If FNAME is set, an original file name is present, terminated by a zero byte. The name must consist of ISO 8859-1 (LATIN-1) characters; on operating systems using EBCDIC or any other character set for file names, the name must be translated to the ISO LATIN-1 character set. This is the original name of the file being compressed, with any directory components removed, and, if the file being compressed is on a file system with case insensitive names, forced to lower case. There is no original file name if the data was compressed from a source other than a named file; for example, if the source was stdin on a Unix system, there is no file name.

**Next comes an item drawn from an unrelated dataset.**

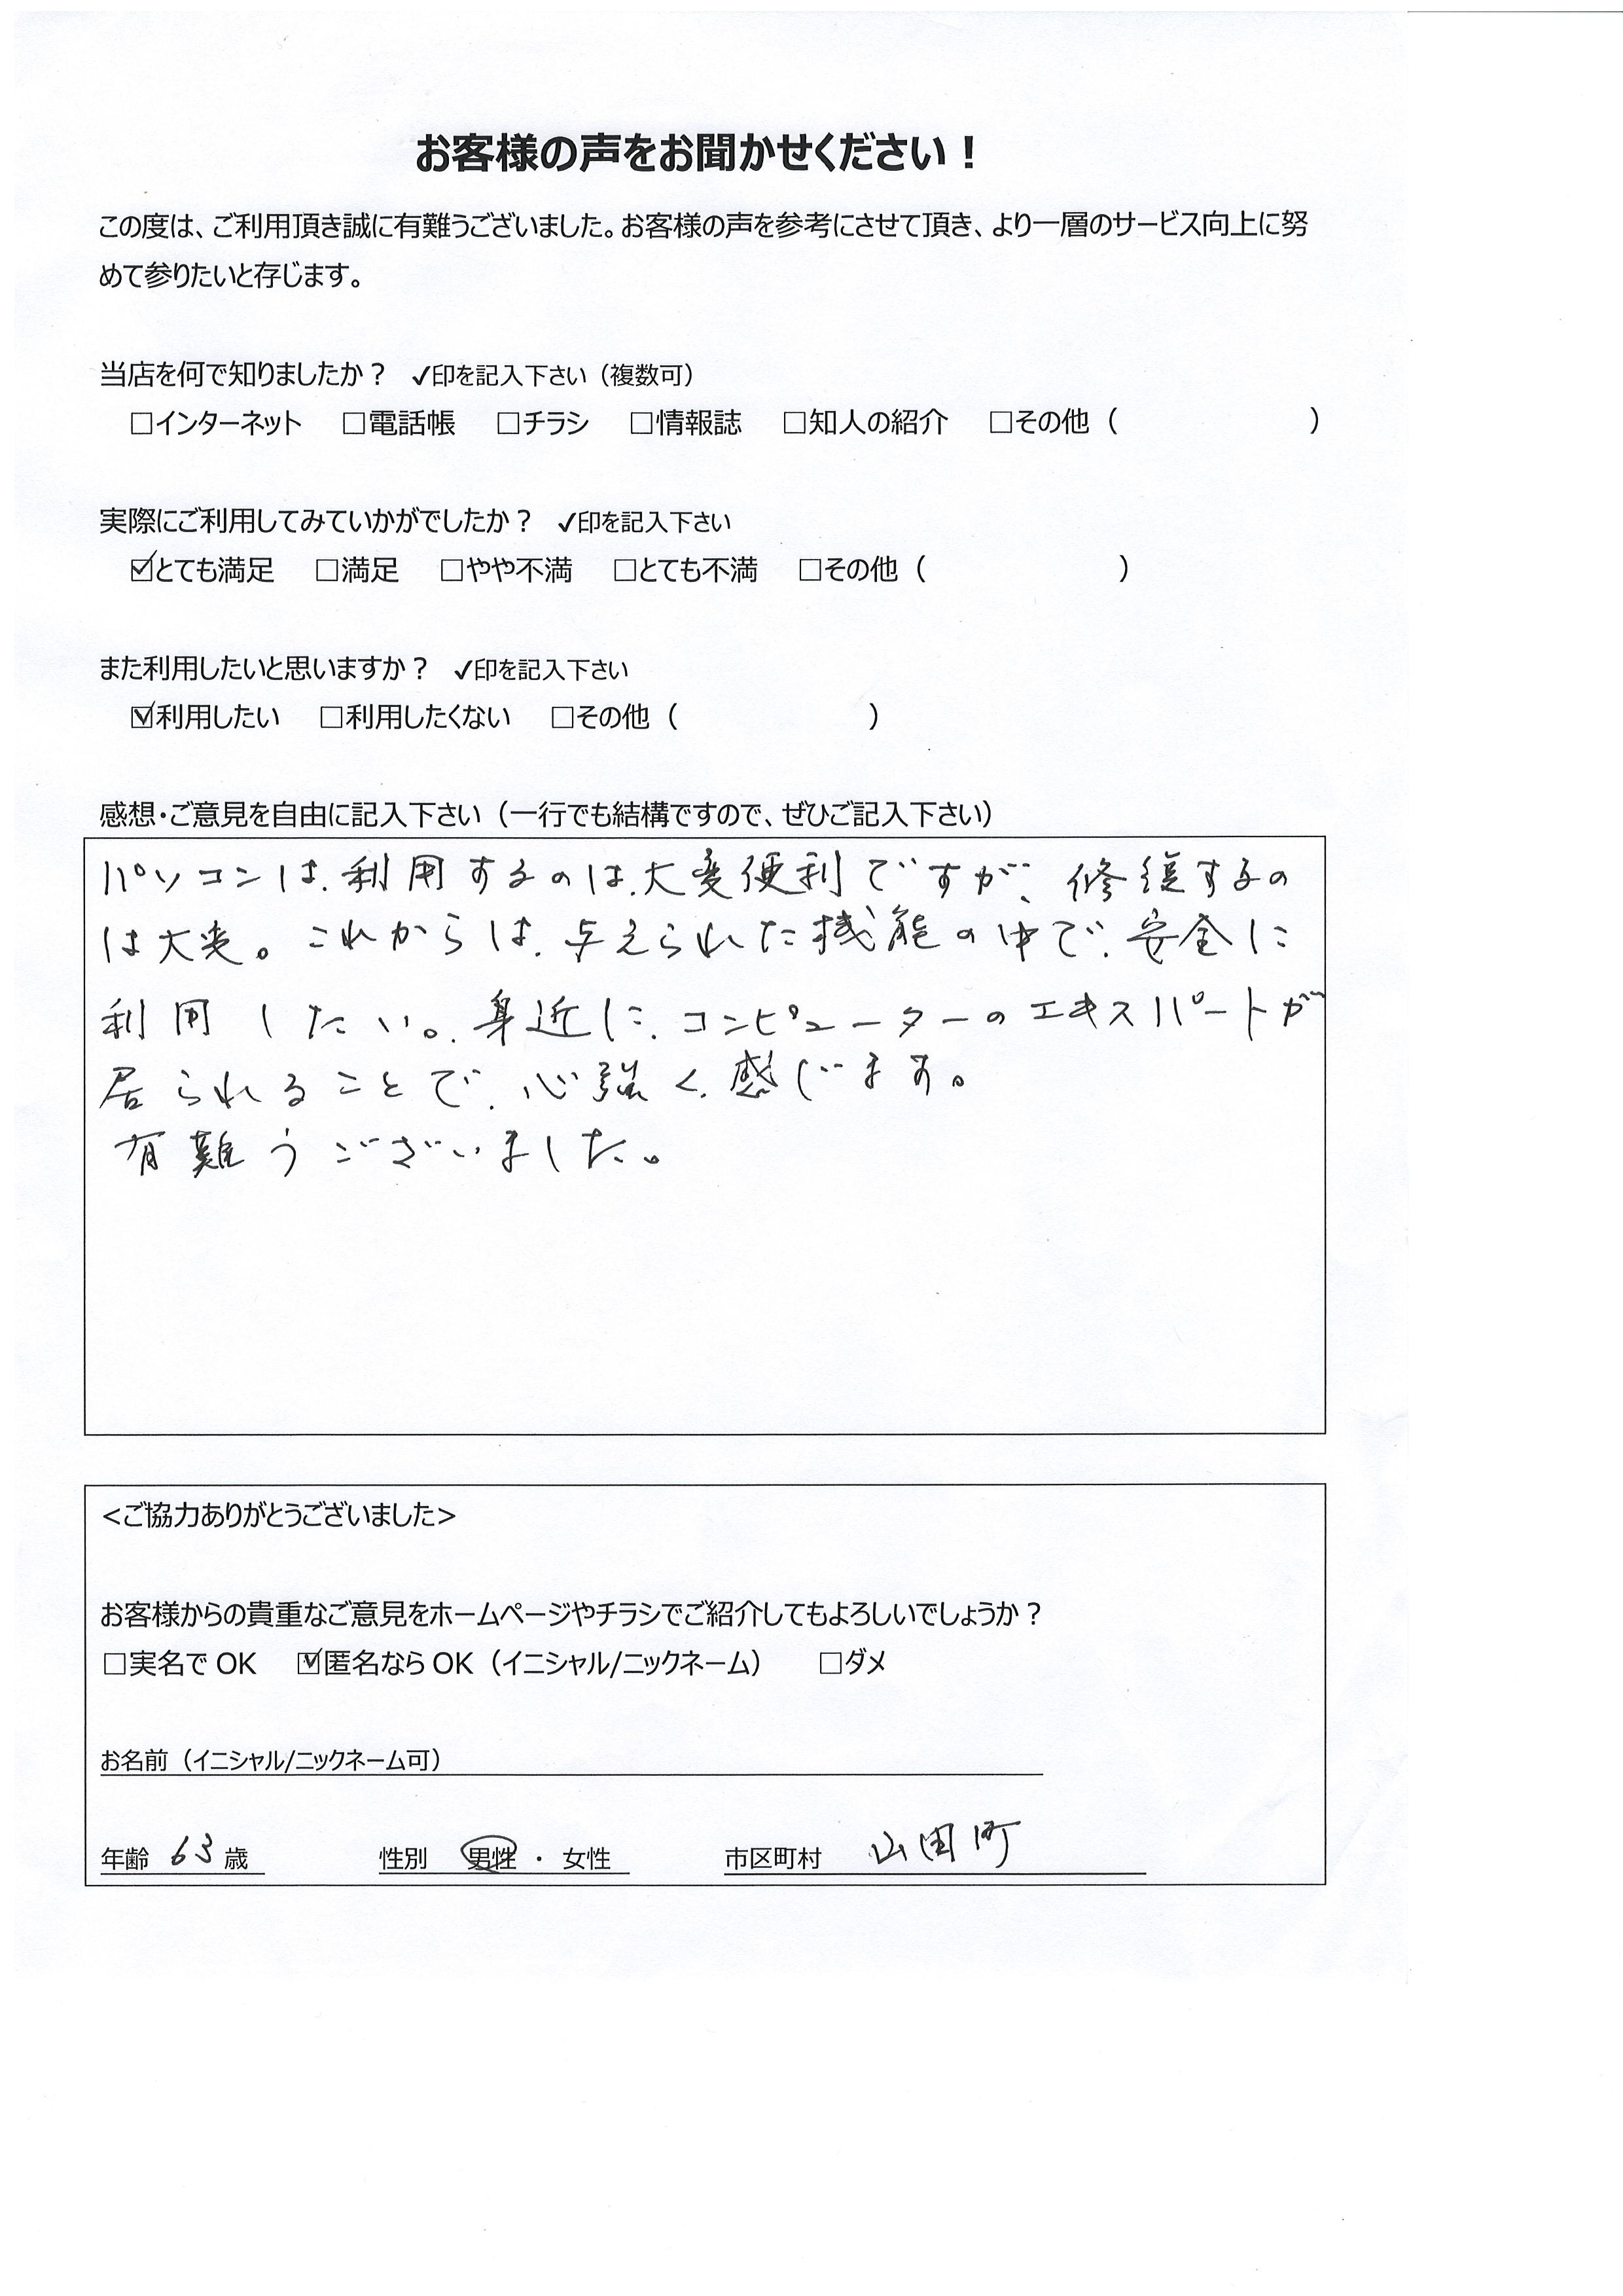 2016年7月5日 都城市山田町(パソコンサポート)

If FCOMMENT is set, a zero-terminated file comment is present. This comment is not interpreted; it is only intended for human consumption. The comment must consist of ISO 8859-1 (LATIN-1) characters. Line breaks should be denoted by a single line feed character (10 decimal).
Reserved FLG bits must be zero.
MTIME (Modification TIME)
This gives the most recent modification time of the original file being compressed. The time is in Unix format, i.e., seconds since 00:00:00 GMT, Jan. 1, 1970. (Note that this may cause problems for MS-DOS and other systems that use local rather than Universal time.) If the compressed data did not come from a file, MTIME is set to the time at which compression started. MTIME = 0 means no time stamp is available.
XFL (eXtra FLags)
These flags are available for use by specific compression methods. The "deflate" method (CM = 8) sets these flags as follows:
XFL = 2 - compressor used maximum compression,
slowest algorithm
XFL = 4 - compressor used fastest algorithm
OS (Operating System)
This identifies the type of file system on which compression took place. This may be useful in determining end-of-line convention for text files. The currently defined values are as follows:
0 - FAT filesystem (MS-DOS, OS/2, NT/Win32)
1 - Amiga
2 - VMS (or OpenVMS)
3 - Unix
4 - VM/CMS
5 - Atari TOS
6 - HPFS filesystem (OS/2, NT)
7 - Macintosh
8 - Z-System
9 - CP/M
10 - TOPS-20
11 - NTFS filesystem (NT)
12 - QDOS
13 - Acorn RISCOS
255 - unknown
XLEN (eXtra LENgth)
If FLG.FEXTRA is set, this gives the length of the optional extra field. See below for details.
CRC32 (CRC-32)
This contains a Cyclic Redundancy Check value of the uncompressed data computed according to CRC-32 algorithm used in the ISO 3309 standard and in section 8.1.1.6.2 of ITU-T recommendation V.42. (See http://www.iso.ch for ordering ISO documents. See gopher://info.itu.ch for an online version of ITU-T V.42.)
ISIZE (Input SIZE)
This contains the size of the original (uncompressed) input data modulo 2^32.
Extra field
If the FLG.FEXTRA bit is set, an "extra field" is present in the header, with total length XLEN bytes. It consists of a series of subfields, each of the form:
+---+---+---+---+==================================+
|SI1|SI2| LEN |... LEN bytes of subfield data ...|
+---+---+---+---+==================================+
SI1 and SI2 provide a subfield ID, typically two ASCII letters with some mnemonic value. Jean-Loup Gailly <jloup@gzip.org> is maintaining a registry of subfield IDs; please send him any subfield ID you wish to use. Subfield IDs with SI2 = 0 are reserved for future use. The following IDs are currently defined:
SI1 SI2 Data
---------- ---------- ----
0x41 ('A') 0x70 ('P') Apollo file type information
LEN gives the length of the subfield data, excluding the 4 initial bytes.
Compliance
A compliant compressor must produce files with correct ID1, ID2, CM, CRC32, and ISIZE, but may set all the other fields in the fixed-length part of the header to default values (255 for OS, 0 for all others). The compressor must set all reserved bits to zero.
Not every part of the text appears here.